Turkish President Recep Tayyip Erdogan, his Azeri counterpart Ilham Aliyev and Armenian Premier Nikol Pashinyan gathered on the sidelines of the European Political Community summit. The leaders “talked for a while in the foyer area,” an official Turkish statement said. An image released by Turkey’s official communication director showed Aliyev and Erdogan facing each other with Pashinyan sitting in the middle at a table along with other officials, including Turkish Foreign Minister Mevlut Cavusoglu.

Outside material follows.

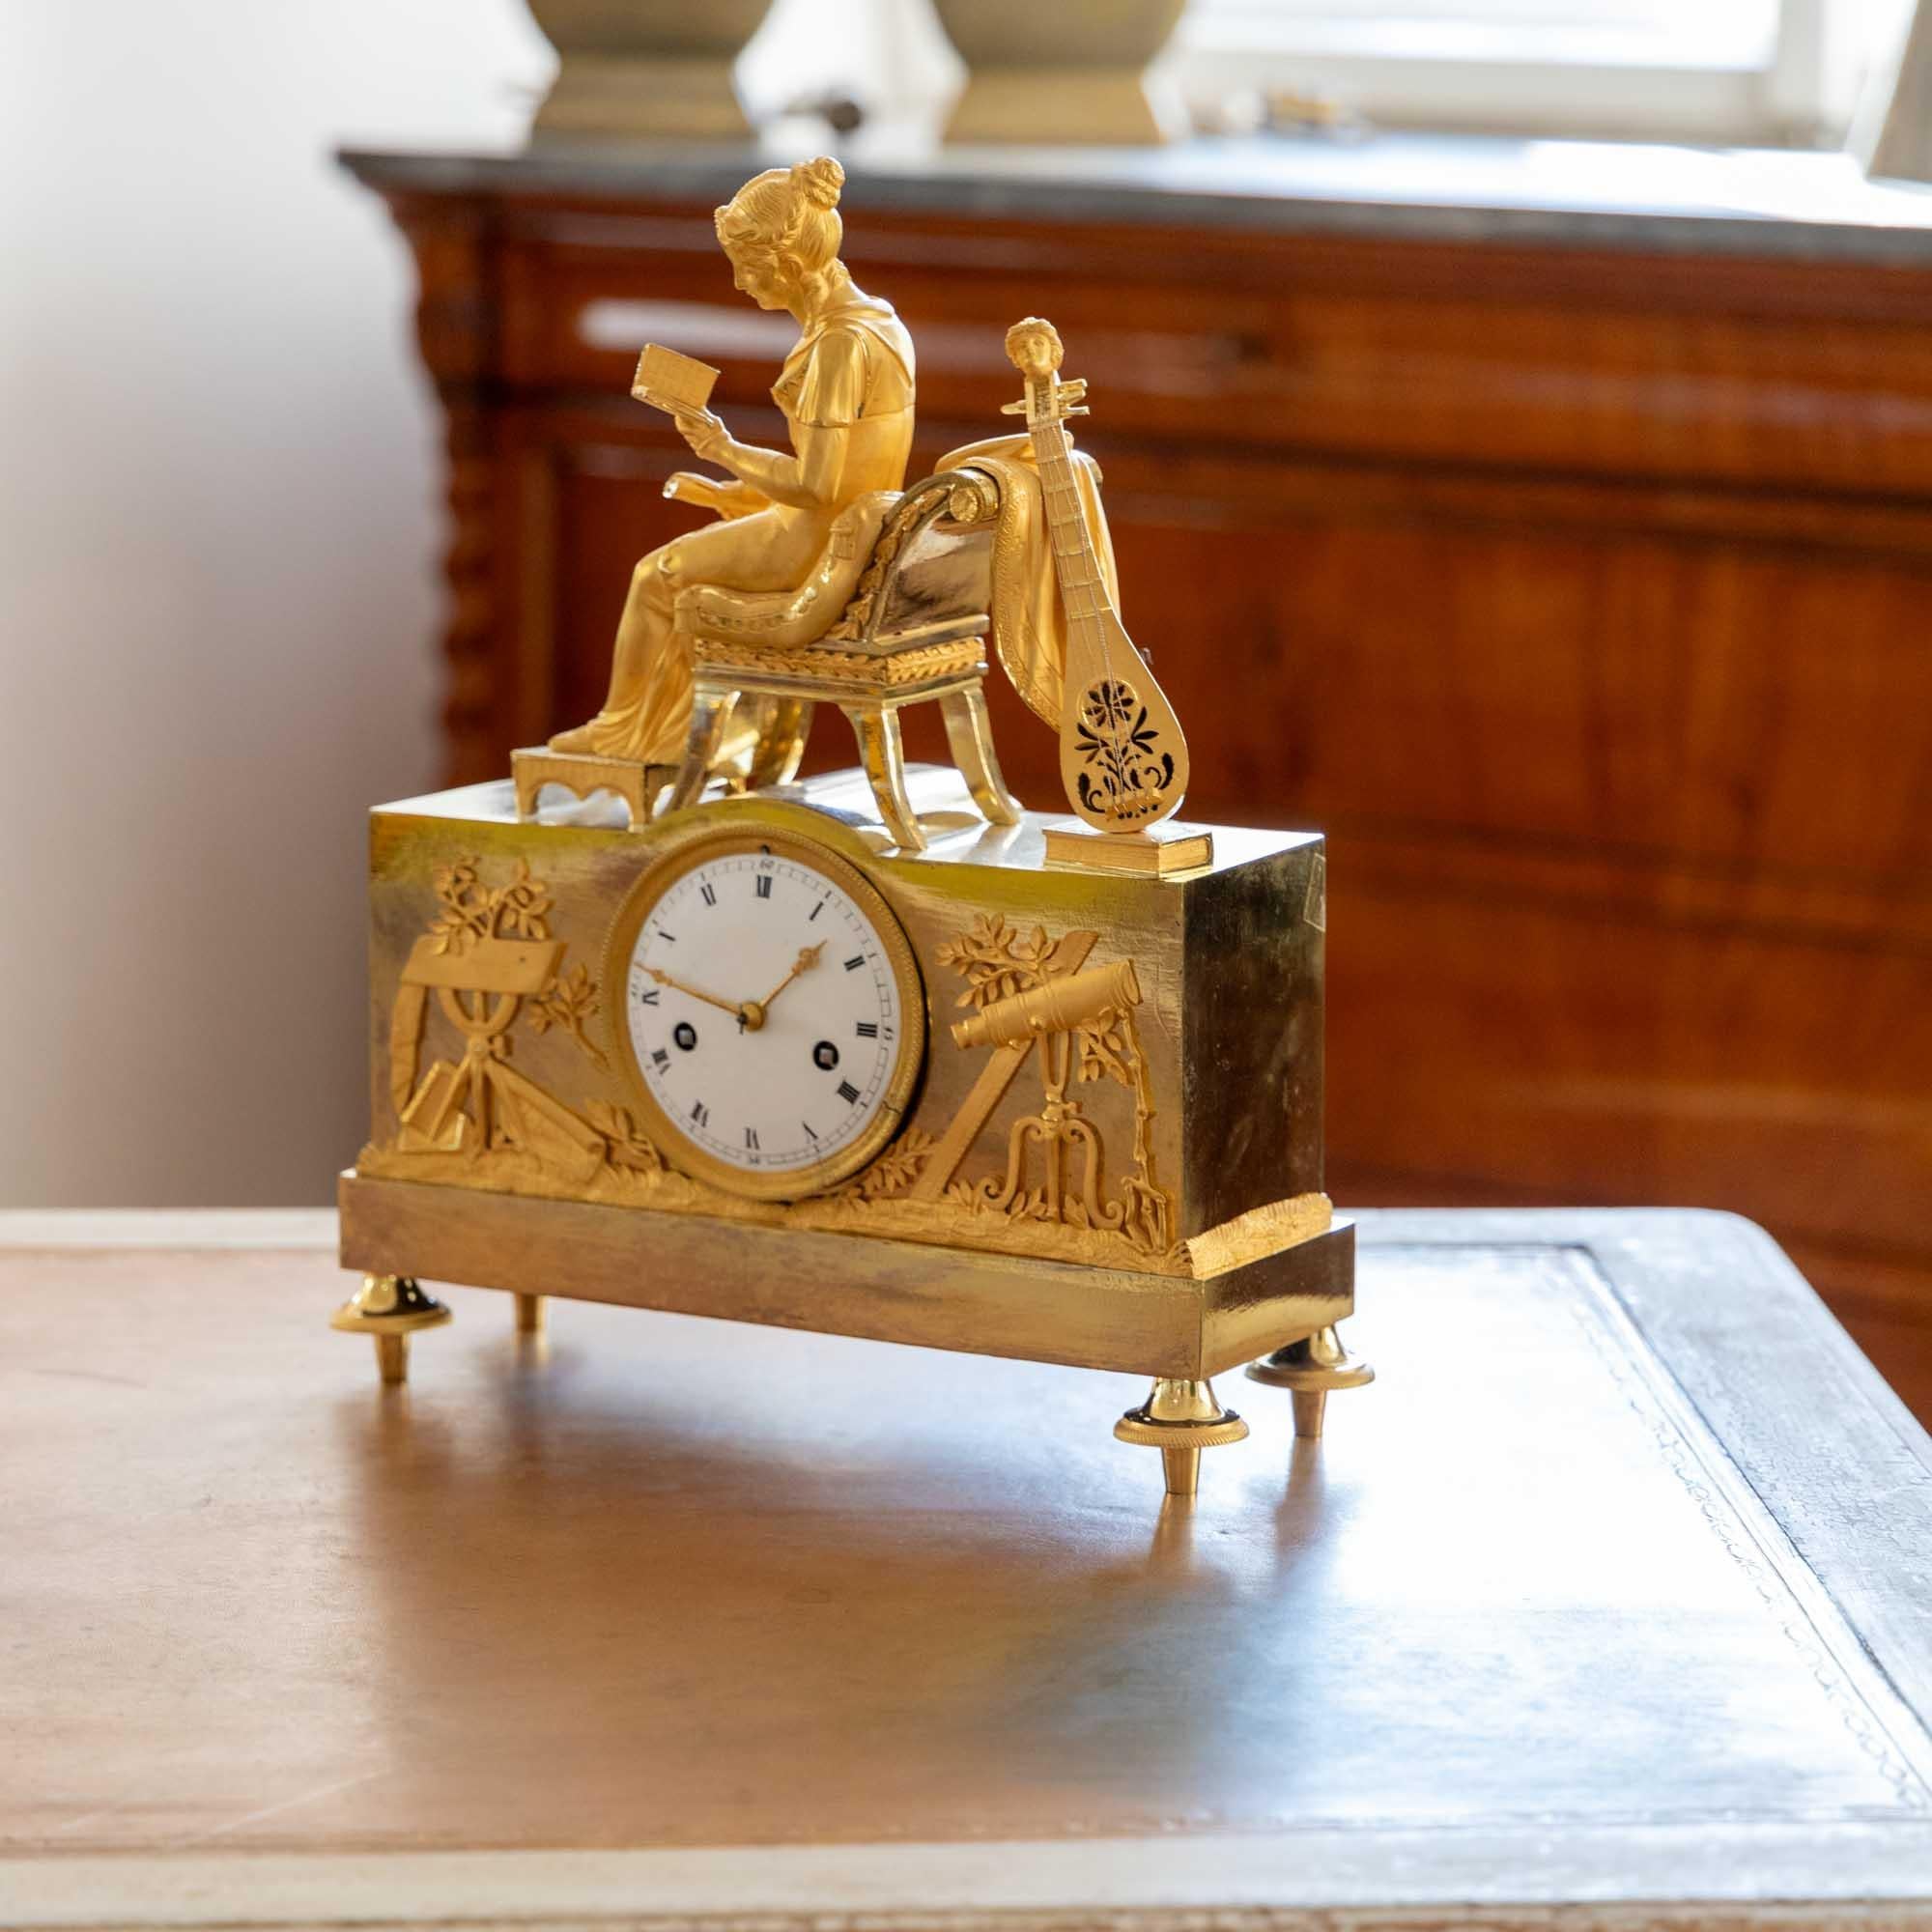 Empire mantel clock with enameled dial and fire-gilt case. The clock is crowned by a full-figure young lady sitting on a Klismos chair and reading a book. Her feet rest on a stool and a lute leans against her chair.

Erdogan and Pashinyan also held a bilateral meeting on the sidelines of the meeting, the directorate added. The meeting marked the first of its kind after years when the normalization process between Ankara and Yerevan broke up 13 years ago.

The talks came after rekindled clashes between Armenia and Azerbaijan last month over the conflicted Nagorno-Karabakh region. The clashes continued for days amid mutual recriminations from Baku and Yerevan, leaving at least 150 deaths on both sides.

Ankara openly sided with Azerbaijan during the conflict despite ongoing normalization talks between Ankara and Yerevan aiming to establish diplomatic relations between the two neighbors.

After blaming Armenian “violations” and its “aggressive behaviors” for the clashes, Erdogan took a more constructive tone. “We believe it is possible to sign a comprehensive peace agreement between the two countries as soon as possible,” he stated during his address to the UN General Assembly.

Ankara-Yerevan normalization talks became possible after Azerbaijan’s decisive victory against Armenia in the 2020 Nagorno-Karabakh dispute, as Erdogan linked a potential normalization with Armenia to the settlement of the Nagorno-Karabakh conflict.

Turkey recognized Armenia after its independence from the Soviet Union in 1991 but stopped short of setting up diplomatic relations. The fresh rounds of normalization talks come as part of Ankara’s effort to mend ties with its former regional rivals in a bid to overcome its isolation in the region. As part of the talks, the charter flights between the countries have resumed, and the land border — which Ankara sealed off in 1993 in solidarity with Baku — has been opened to third-country nationals.

Pashinyan and Aliyev also gathered in a four-way meeting with French President Emmanuel Macron and European Council President Charles Michel on the sidelines of the summit.